Researchers have discovered that many tissues and organs contain precursor cells that act in many ways like stem cells. The skin, intestines, liver, brain and bone marrow contain these stem cell-- mimicking cells, which could become a reservoir of replacement cells for treating diseases such as leukemias, stroke and some cancers. "Brain stem-cells can make almost all cell types in the brain, and that may be all we need if we want to treat Parkinson's disease or ALS," says Dr. Arnold Kriegstein, who directs the University of California at San Francisco's Institute for Regeneration Medicine. "Embryonic stem cells might not be necessary in those cases." When it comes to treating heart disease, "if you could find a progenitor cell in the adult heart that has the ability to replicate," says Douglas Melton, co-director of the Harvard Stem Cell Institute, "then it's likely easier to start with that cell than begin with an embryonic stem cell, which has too many options."
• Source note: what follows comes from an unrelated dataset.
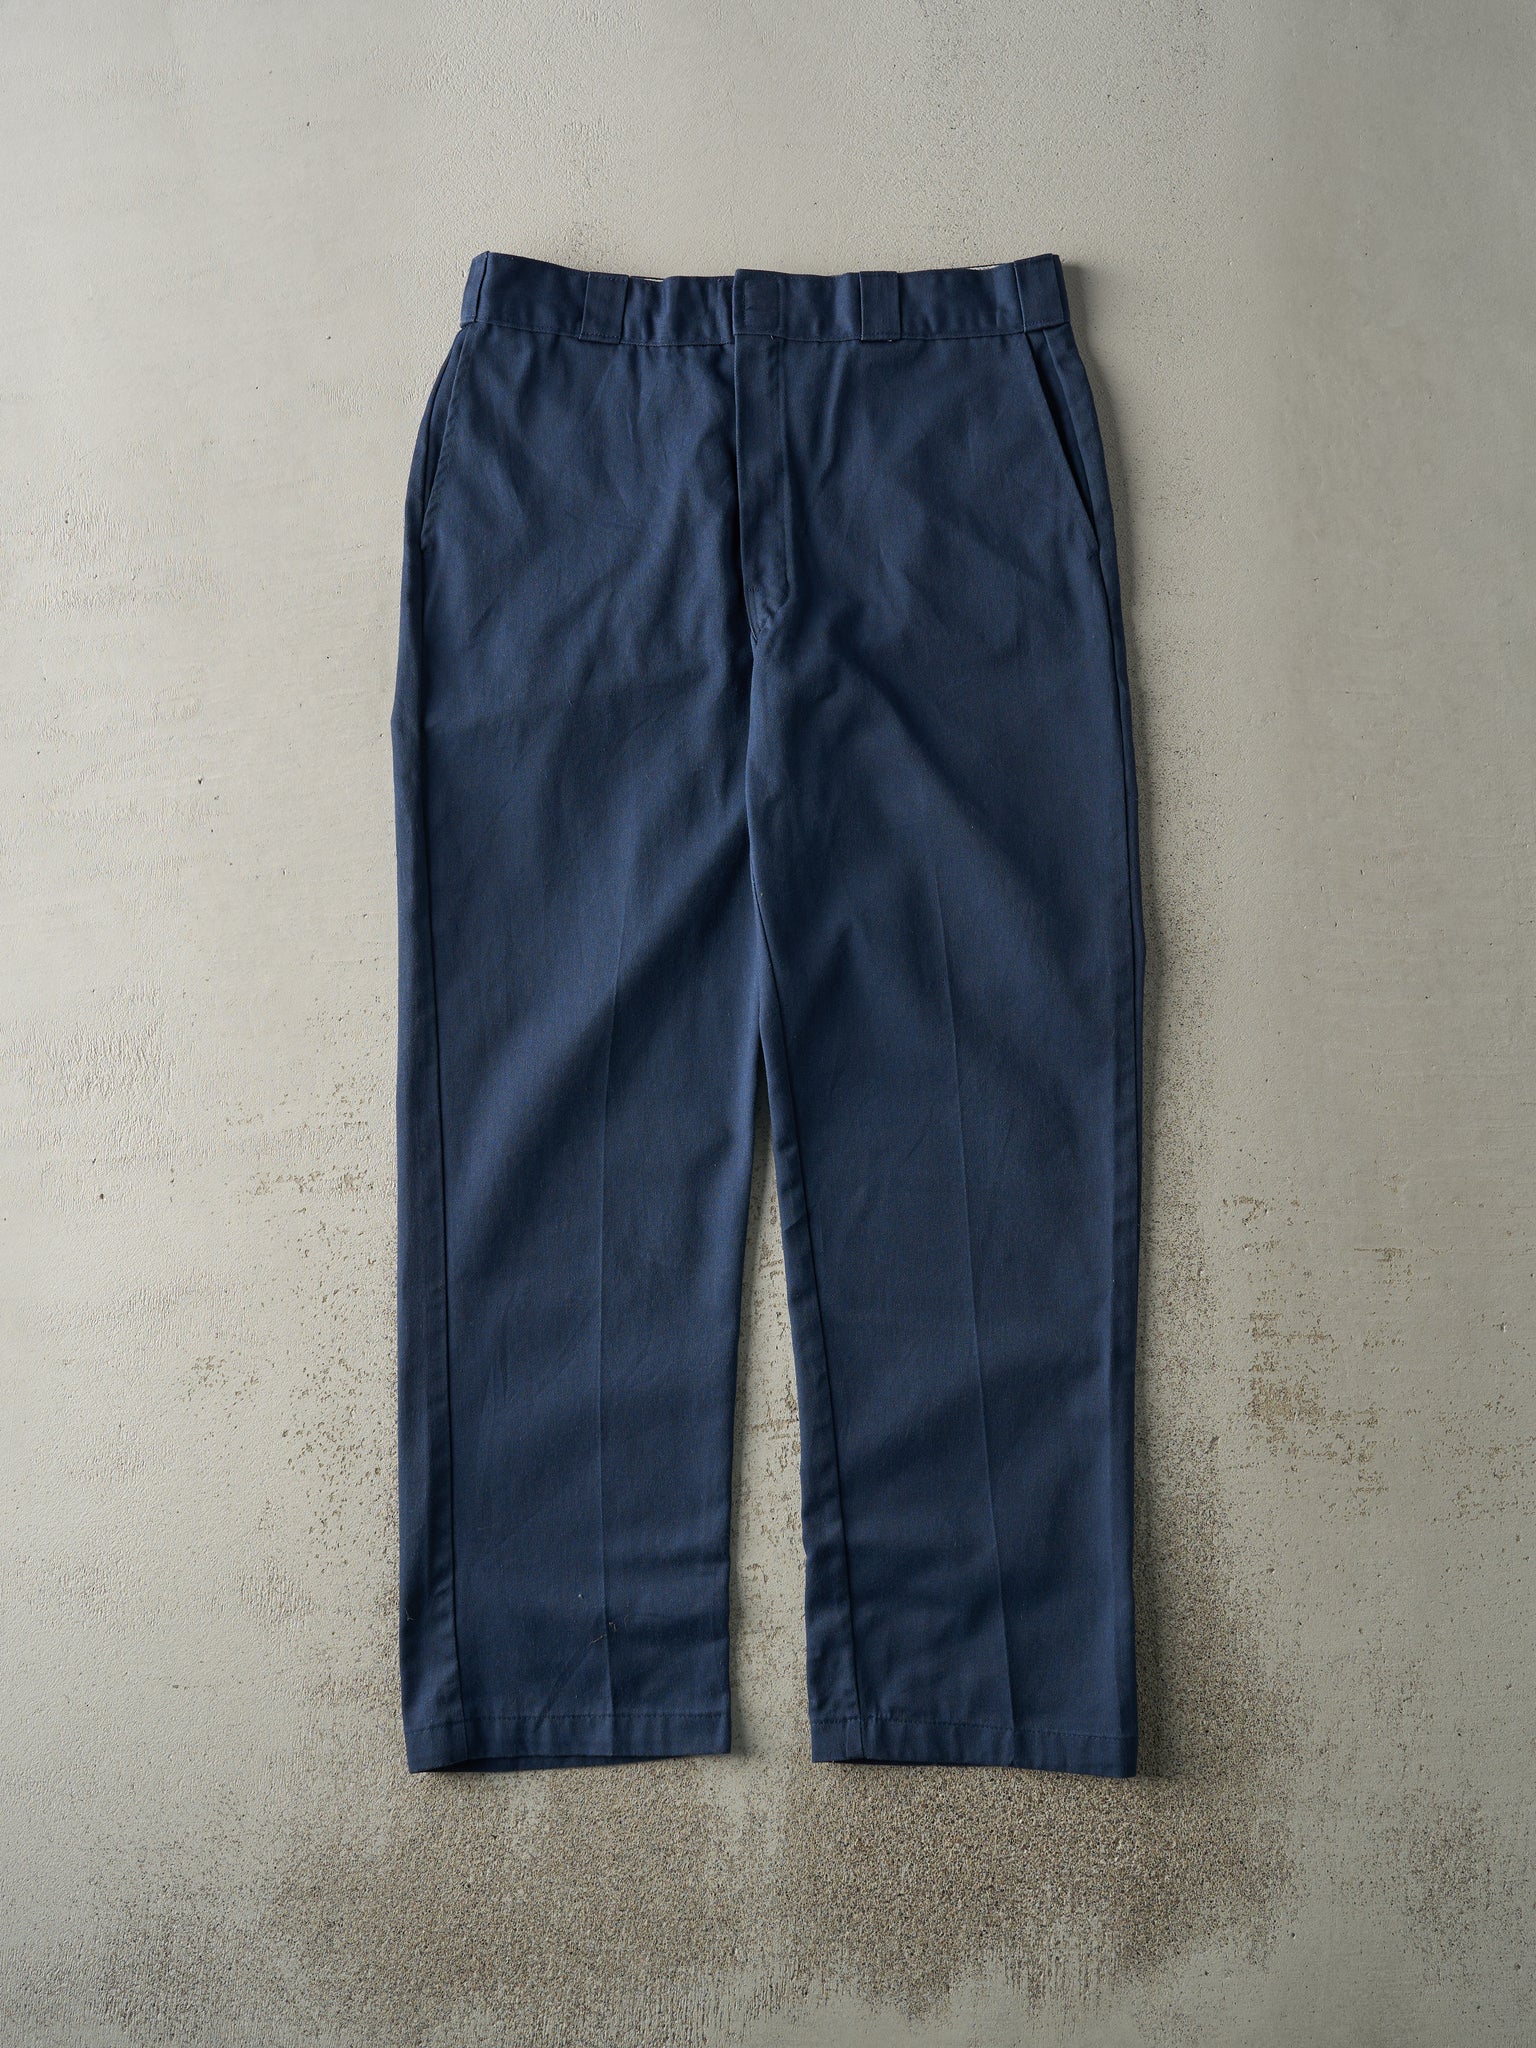 Vintage 90s Navy Blue Dickies Work Pants (34x30.5)

Cheerleaders for adult stem-cell research point to progress on everything from spinal-cord injuries to diabetes. Scientists at the University of Minnesota have used umbilical-cord-blood stem cells to improve some neurological function; in a paper published last month, Dr. Carlos Lima in Portugal wrote about restoring some motor function and sensation in a few paralyzed patients. At a recent conference of researchers from around the world, a team from Kyoto University in Japan reported success in taking a skin cell, exposing it to four key growth factors and turning it into an embryo-like entity that produced stem cells--all without using an egg. The Kyoto group has submitted its work for publication, after which it will be open to the scrutiny of the scientific community. If successful, it could turn stem-cell science from a tedious, finicky process into a relatively straightforward chemistry project.